How did the blind Catholic get in a car crash? He asked Jesus to take the wheel.
Did you hear about the blind prostitute?
Well, you gotta hand it to her.
A blind comedian was asked to do stand up for a hospital. No one laughed at his jokes, so he continued to sing, "If you're happy and you know it..."
The room was full of arm amputees.
So a blind man walks into a bar.
At least he thinks so.
I bought my blind friend a house on the edge of a cliff.
They died of happiness and a 30 story fall.
I was with my blind friend, and he's telling me, "Yeah, I can read braille." So I hand him a Lego brick and ask him to read it. Apparently, Lego has been hiding a dark secret from us for years; as all their bricks read, "Screw you, asshole."
How does a blind person know when a skydive has finished?
The dog lead went slack.
Why don't blind people skydive?
Because it scares their dogs too much!
Why is Helen Keller's child blind too? She always fed it with a fork!
A blind man walks into a bar and asks the bartender, "Wanna hear a blonde joke?" The bartender replies with, "I'm blonde, the man working next to me is blonde, the woman next to you is blonde, and the fat guy behind you is blonde." Then says, "Do you really wanna tell the blonde joke?" The blind guy responds with, "No, I don't wanna tell it that many times."

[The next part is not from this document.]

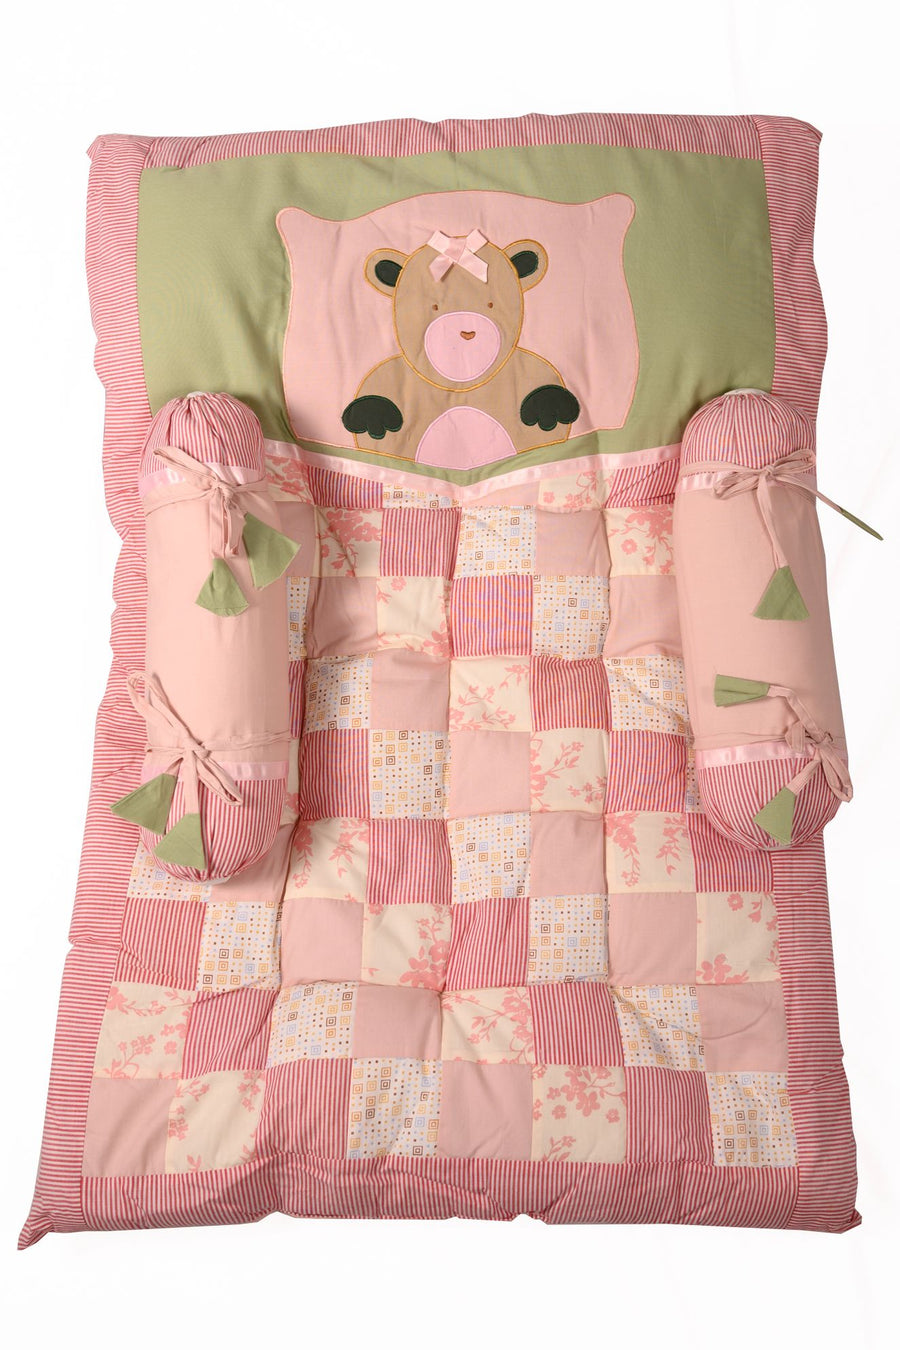 Pink Teddy Bear - Newborn Mattress Set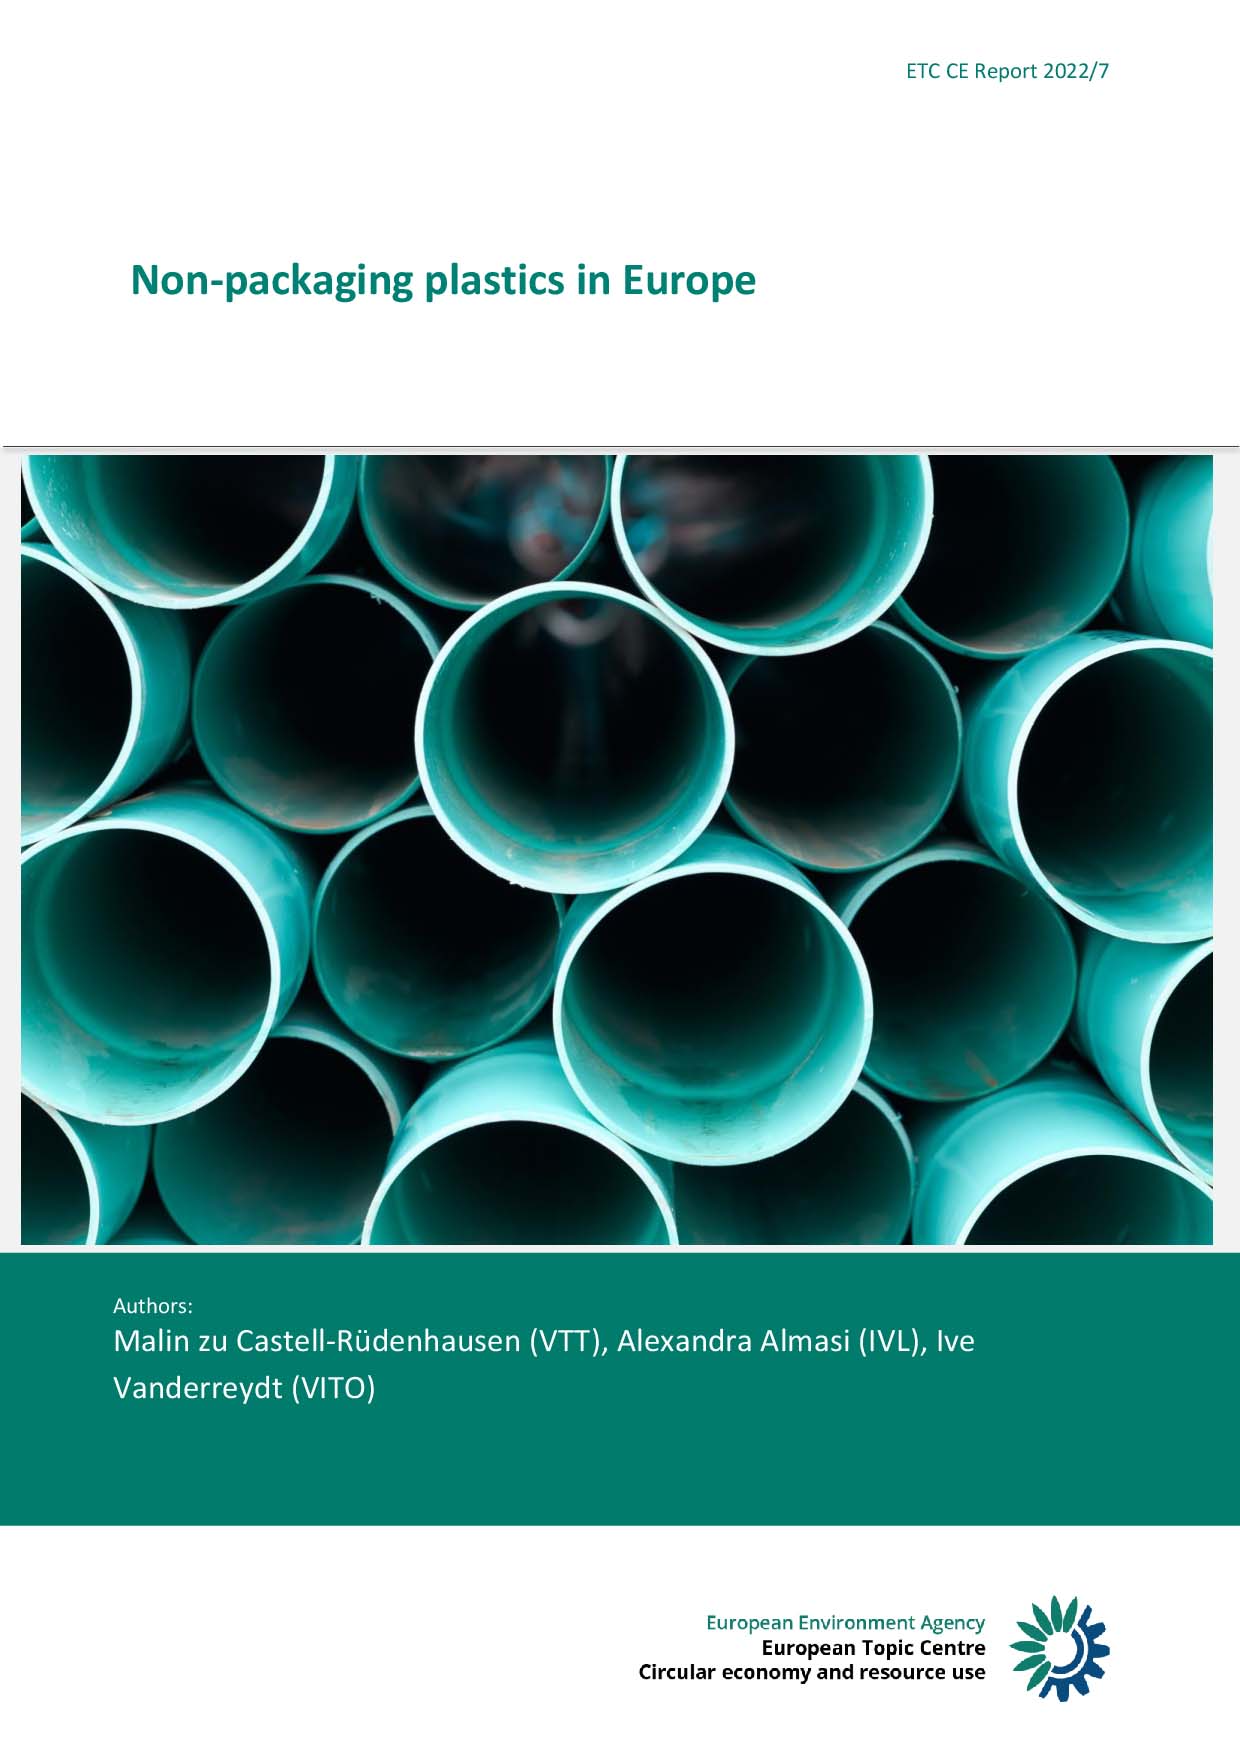 Δημοσιεύτηκε έκθεση για τα Πλαστικά μη-συσκευασίας στην Ευρώπη, από το ETC/CE

Yo mamma is so ugly, she made blind kids cry.
What do you call a blind German?
A not see.
How do you keep a blind kid busy? Give him sandpaper and tell him it's a find-a-word. 😂🤣
How do you know your acne is getting out of hand? The blind start reading your face.
So, an Irish man is walking his poodle, and his buddy comes running up to him saying there’s a new pub in town and they’re giving out free pints.
So the man picks up his dog and runs like hell to the bar. But the bar owner stops him and says, "Sorry, you can’t go in." The Irish man says, "Why can’t I go in?" "Well, you have a dog, sir, and that sign over there says no dogs allowed. You’re going to have to leave him outside." Well, the Irish man thinks quick and says, "I’m blind; it’s a seeing eye dog." The owner says, "That’s ridiculous. A seeing eye dog would be a German shepherd or golden Labrador or something like that." The Irish man says, "Well, what kind of dog did they give me??"😂
I got a handjob from a blind woman the other day. She said, "It's the biggest thing I ever had in my hand." I said, "No love, you're just pulling my leg."
My blind friend is so annoying, he kept bumping into things even though I repeatedly told him to look where he was going.
Did you hear the joke about Helen Keller? Neither did she. Did you see that one coming? Neither did she.
(She's blind and deaf)
Why are blind people so good at being a Jedi?
They are always swinging a stick.
Stop it! What if a blind person sa- oh wait, never mind, carry on.